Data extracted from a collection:
+++++

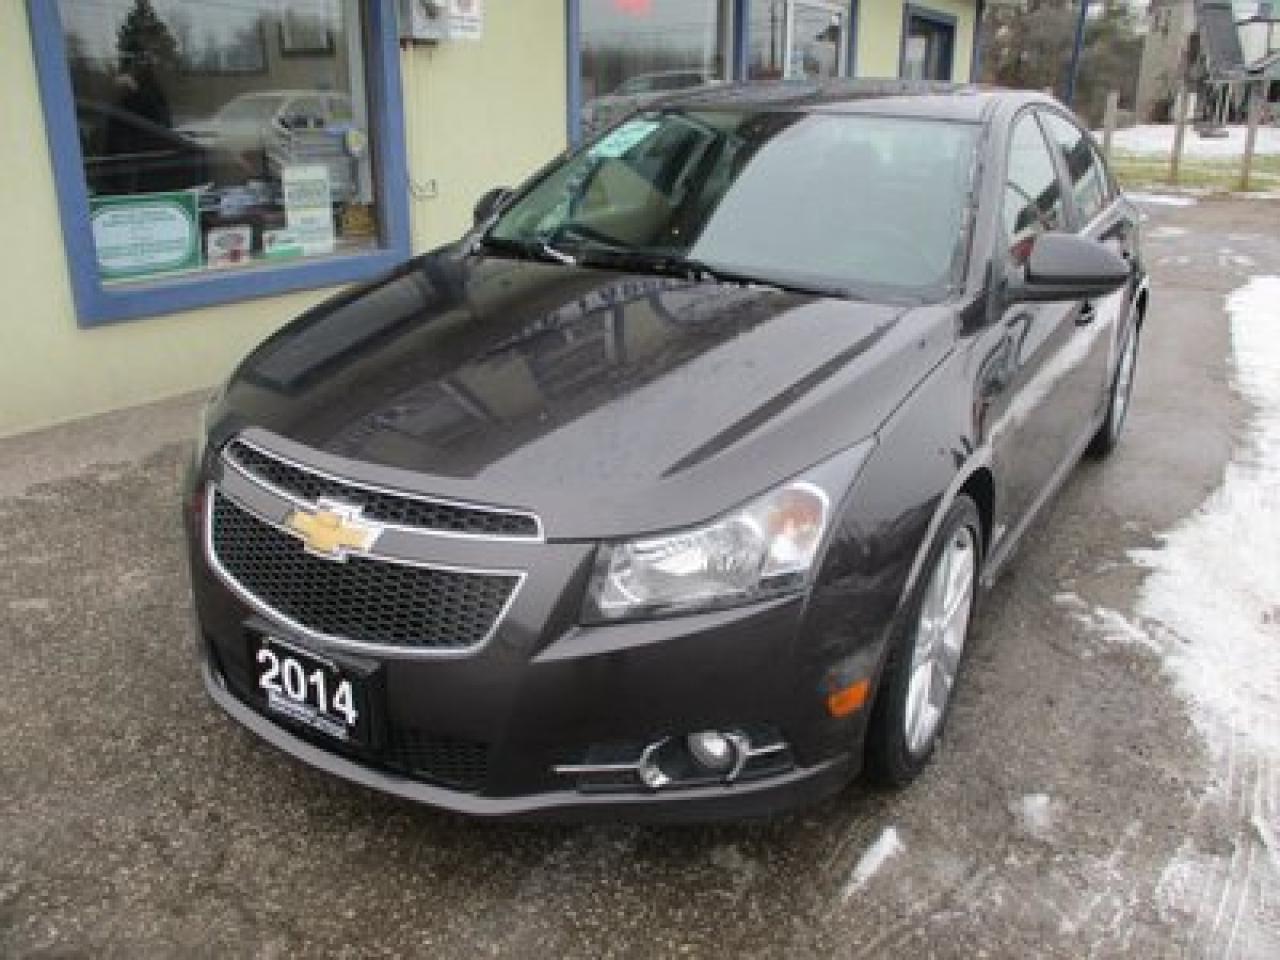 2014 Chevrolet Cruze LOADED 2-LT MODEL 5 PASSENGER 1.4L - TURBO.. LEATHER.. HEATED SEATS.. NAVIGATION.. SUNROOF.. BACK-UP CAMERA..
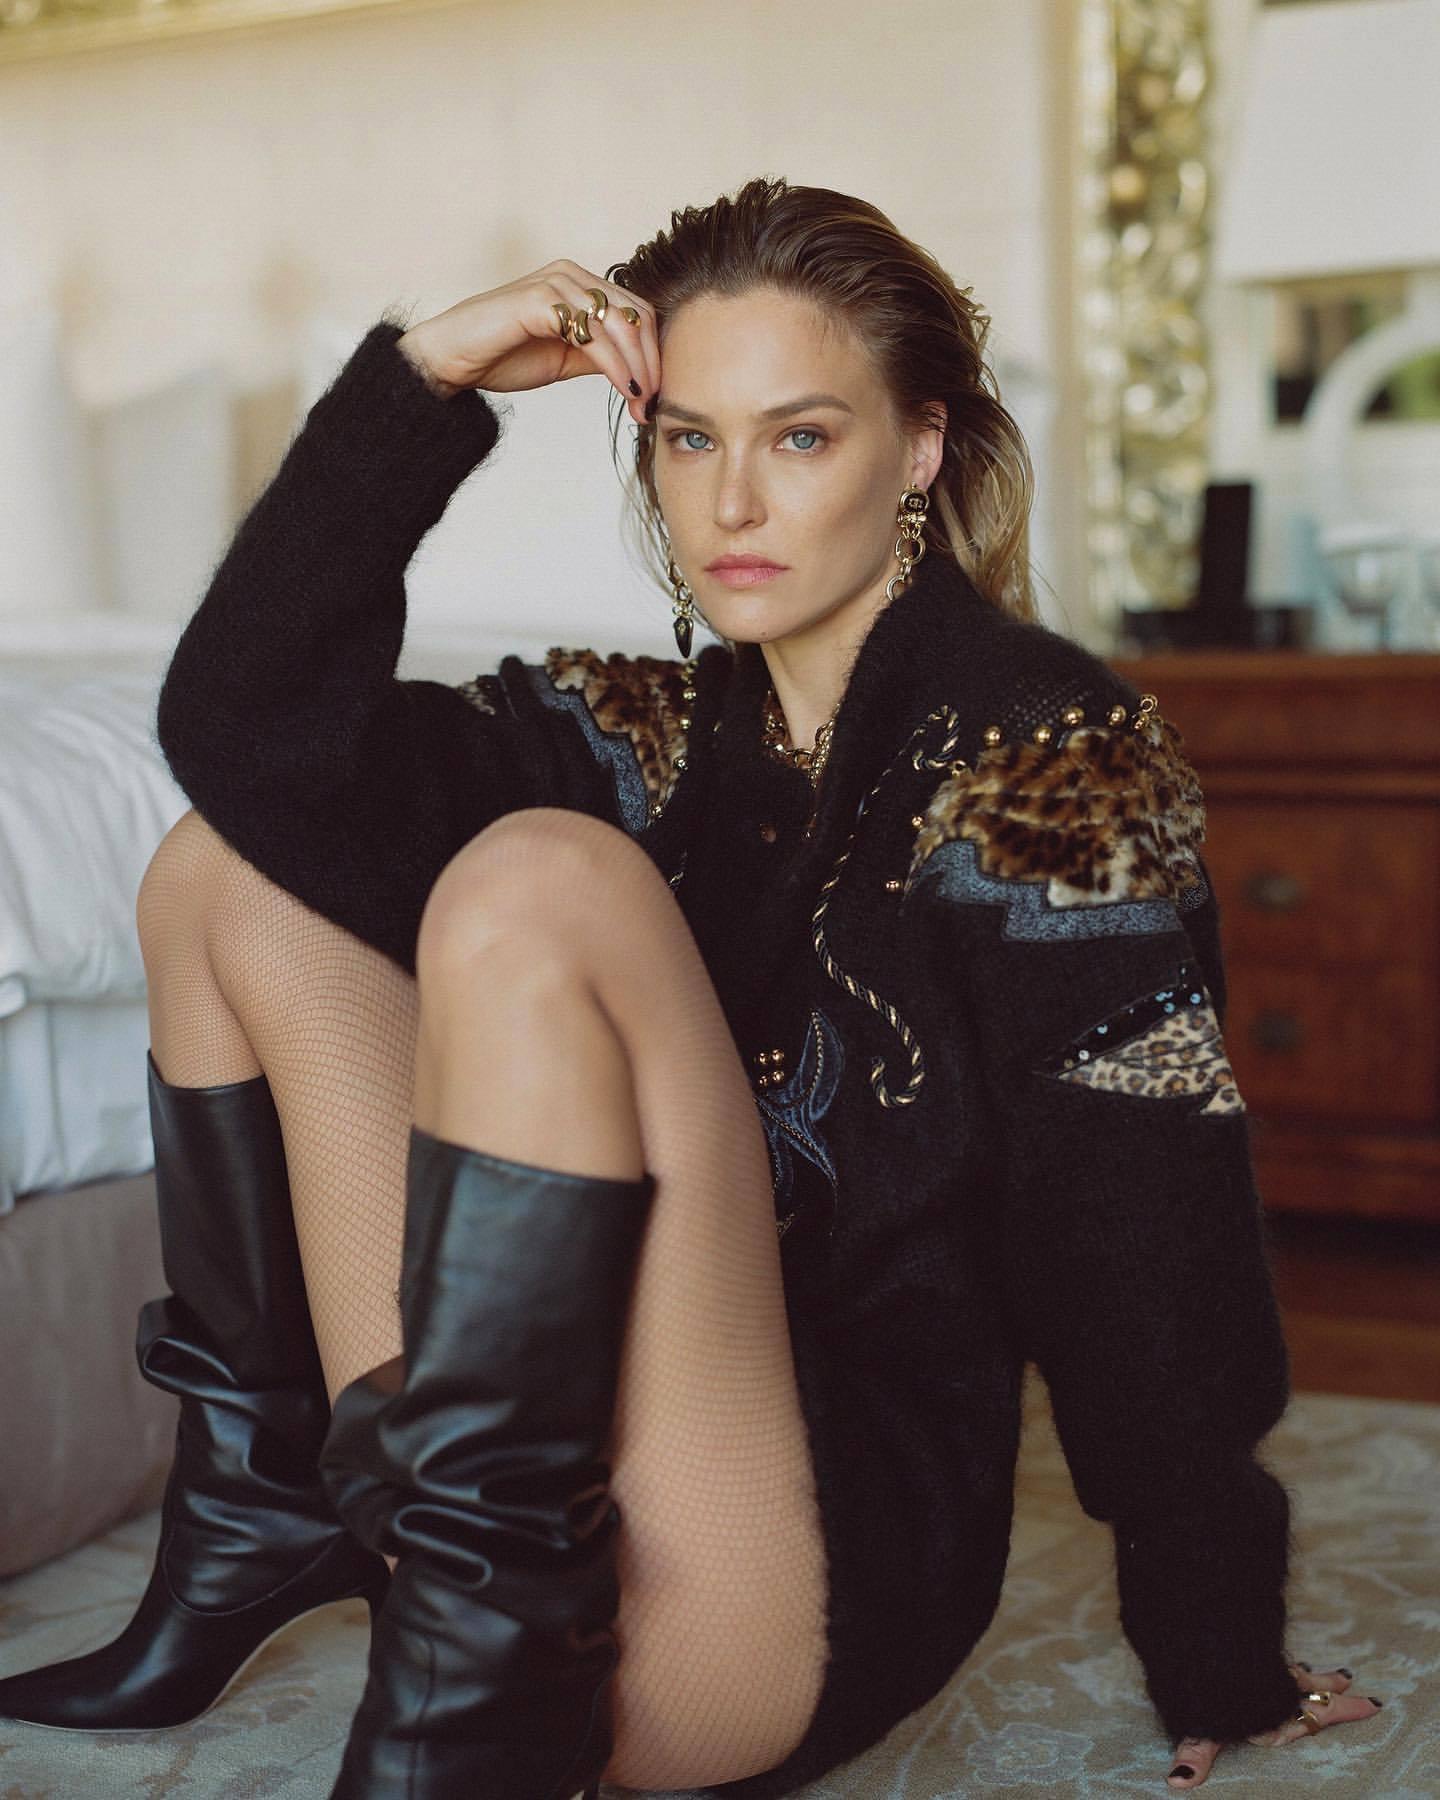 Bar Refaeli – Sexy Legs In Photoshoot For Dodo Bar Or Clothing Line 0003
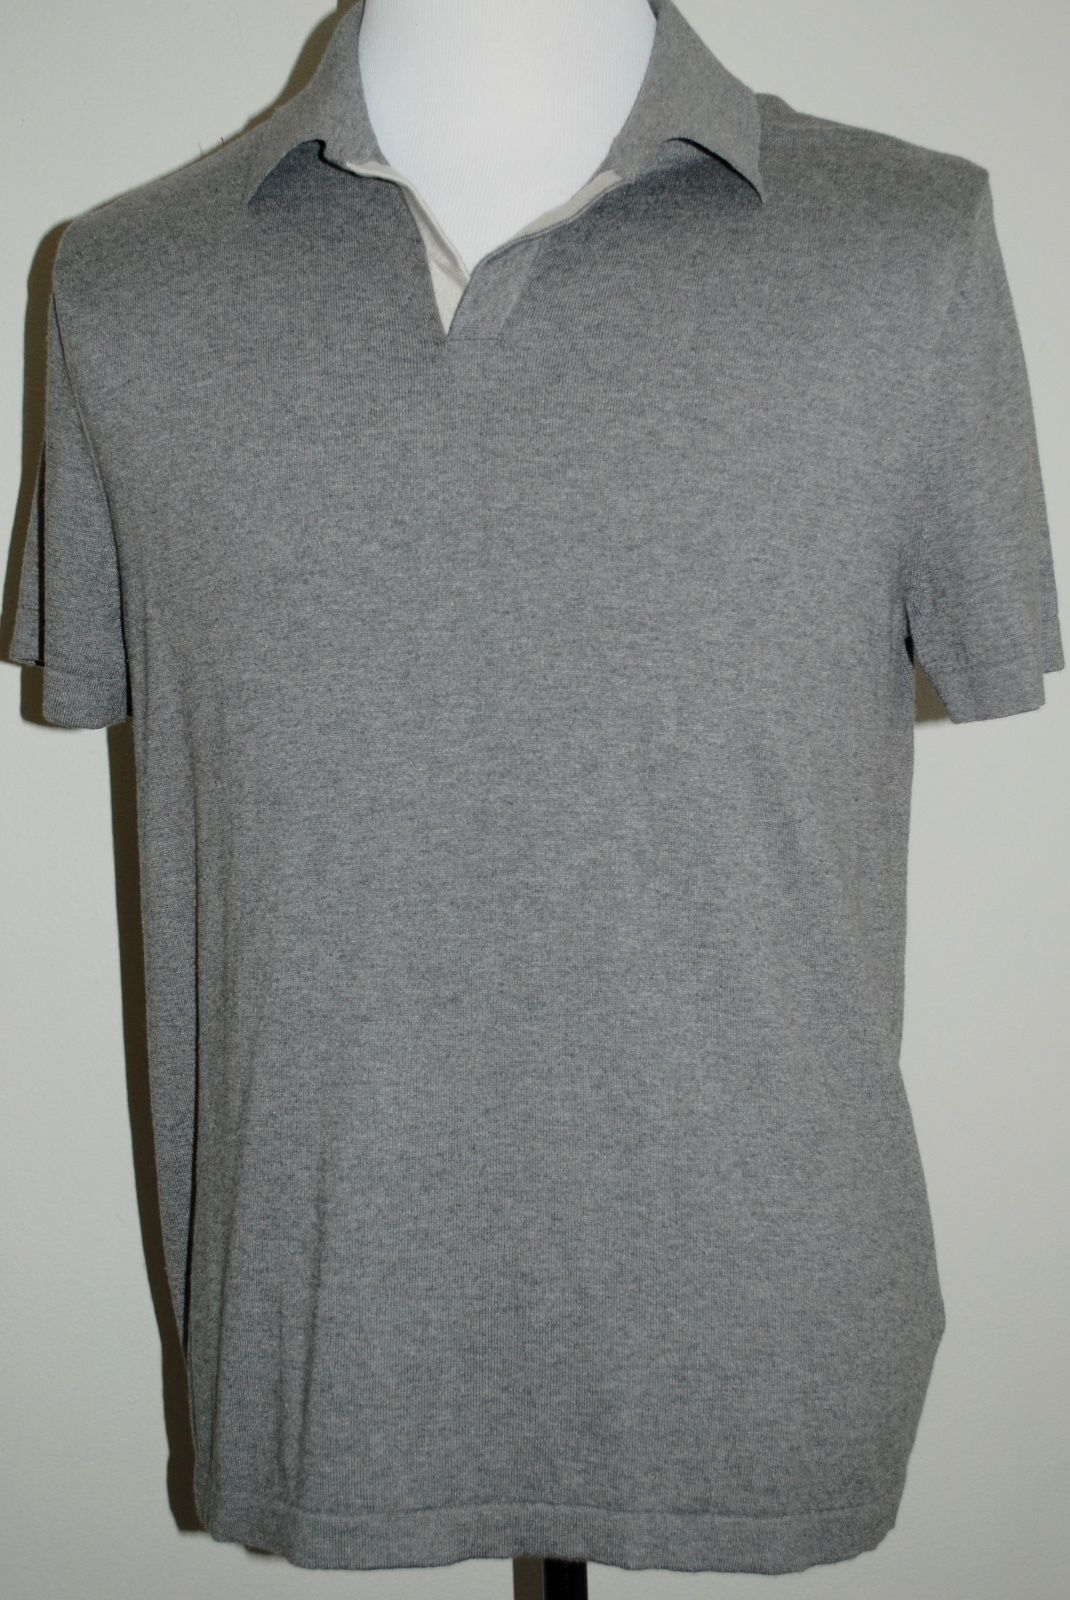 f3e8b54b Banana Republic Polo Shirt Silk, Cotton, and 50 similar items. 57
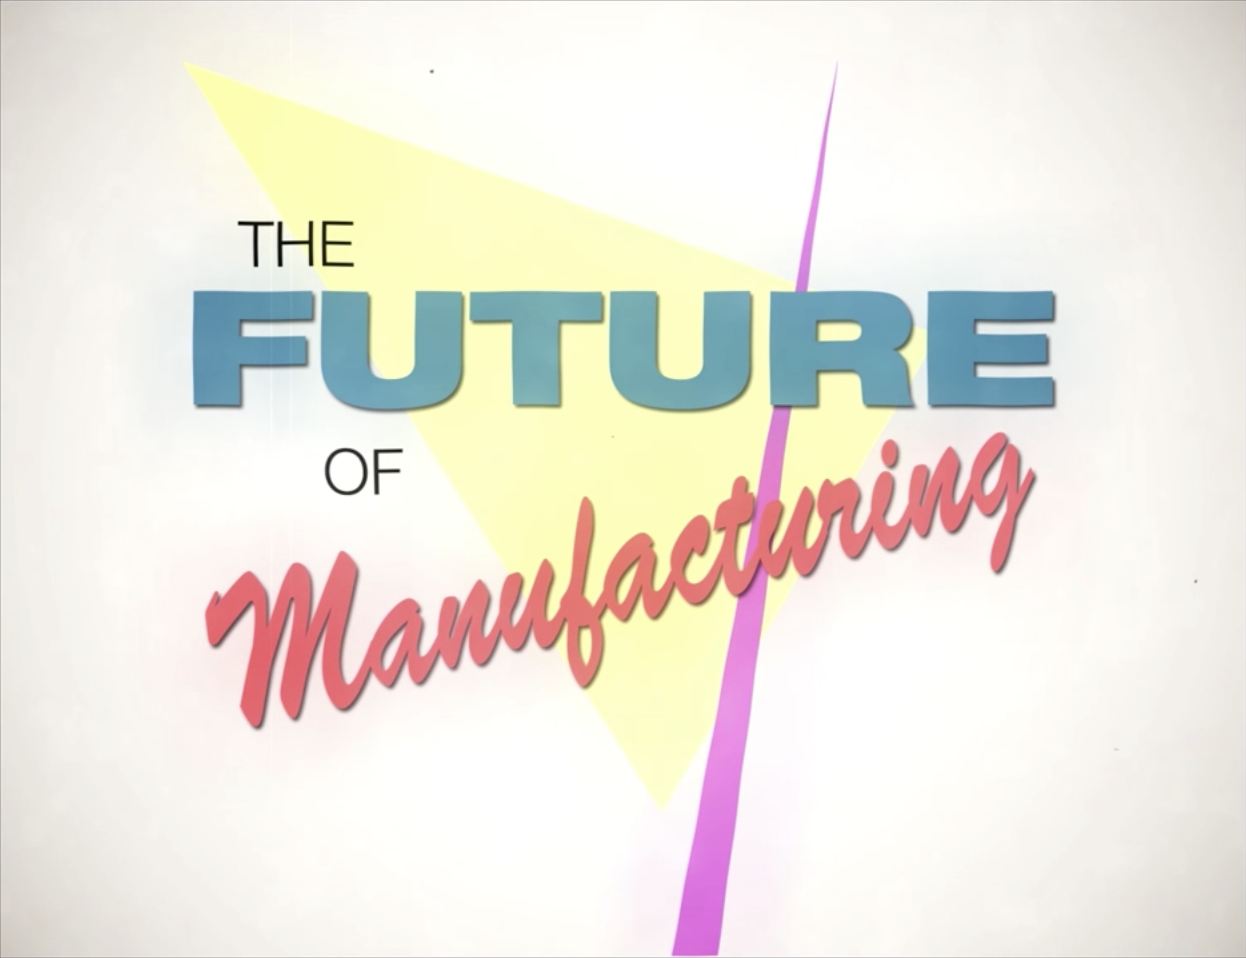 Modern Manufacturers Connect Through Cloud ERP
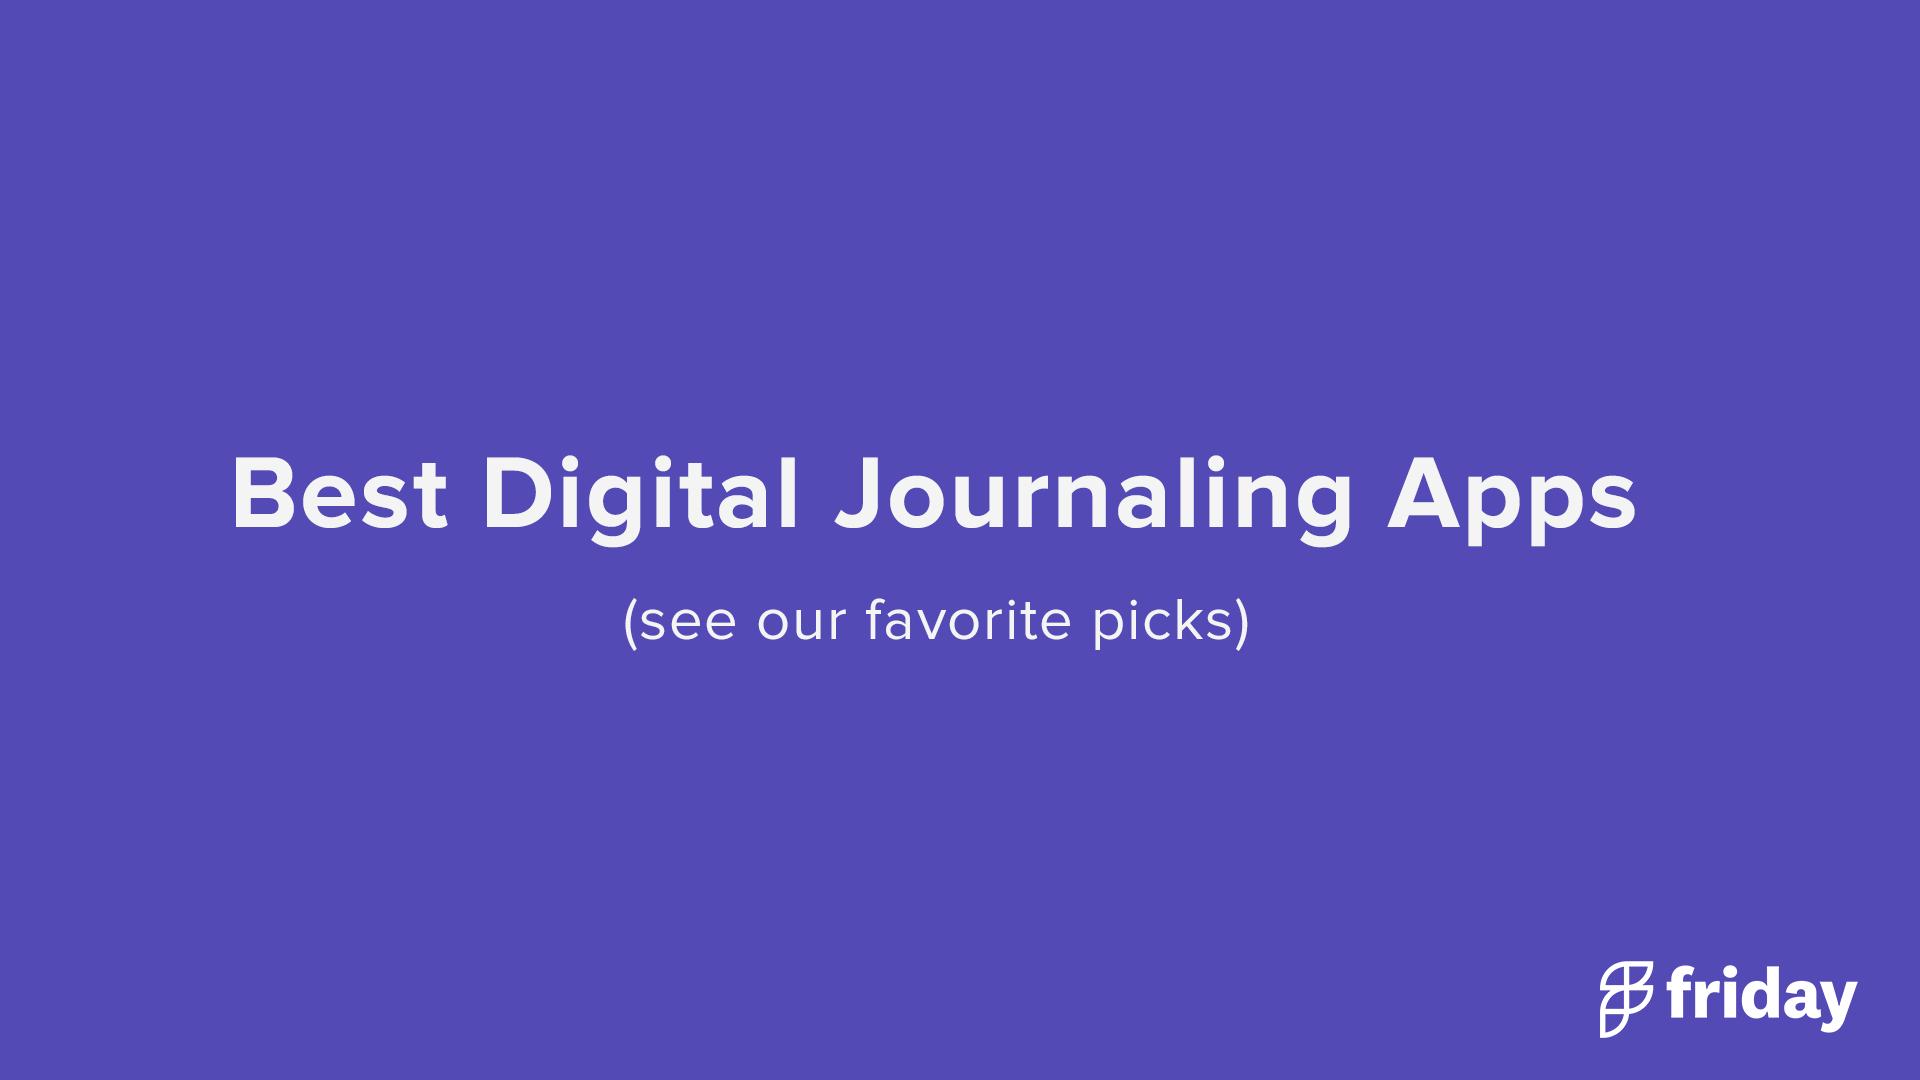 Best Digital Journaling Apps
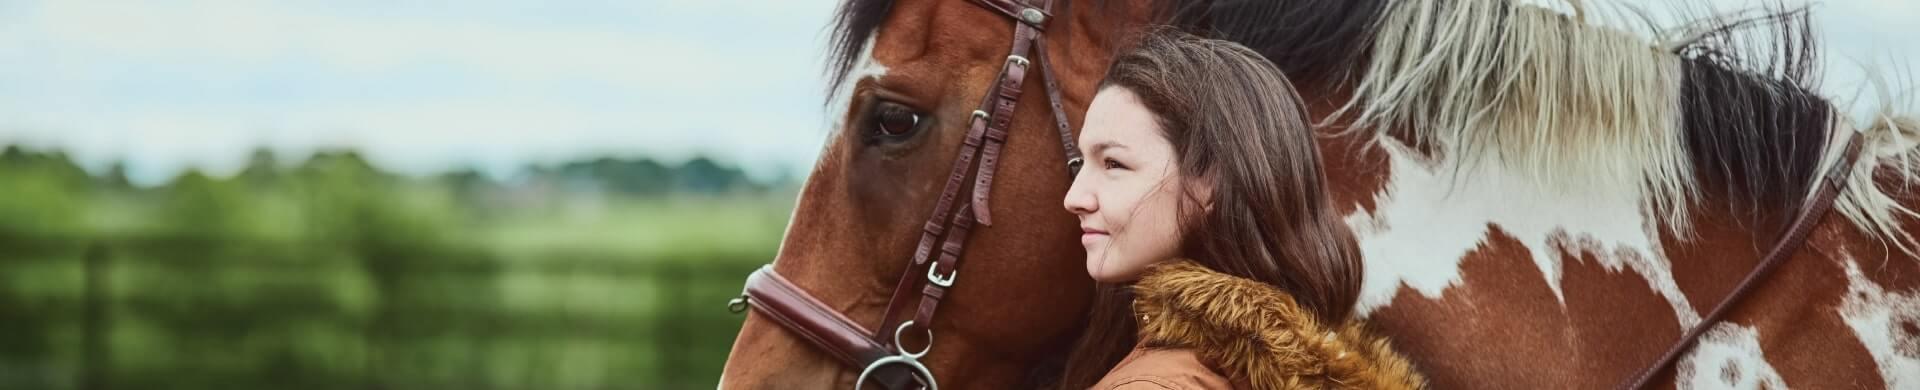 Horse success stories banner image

+++++

Task brief = Please copy out each line above exactly as written, but not the pictures.

Written response =
 2014 Chevrolet Cruze LOADED 2-LT MODEL 5 PASSENGER 1.4L - TURBO.. LEATHER.. HEATED SEATS.. NAVIGATION.. SUNROOF.. BACK-UP CAMERA..
 Bar Refaeli – Sexy Legs In Photoshoot For Dodo Bar Or Clothing Line 0003
 f3e8b54b Banana Republic Polo Shirt Silk, Cotton, and 50 similar items. 57
 Modern Manufacturers Connect Through Cloud ERP
 Best Digital Journaling Apps
 Horse success stories banner image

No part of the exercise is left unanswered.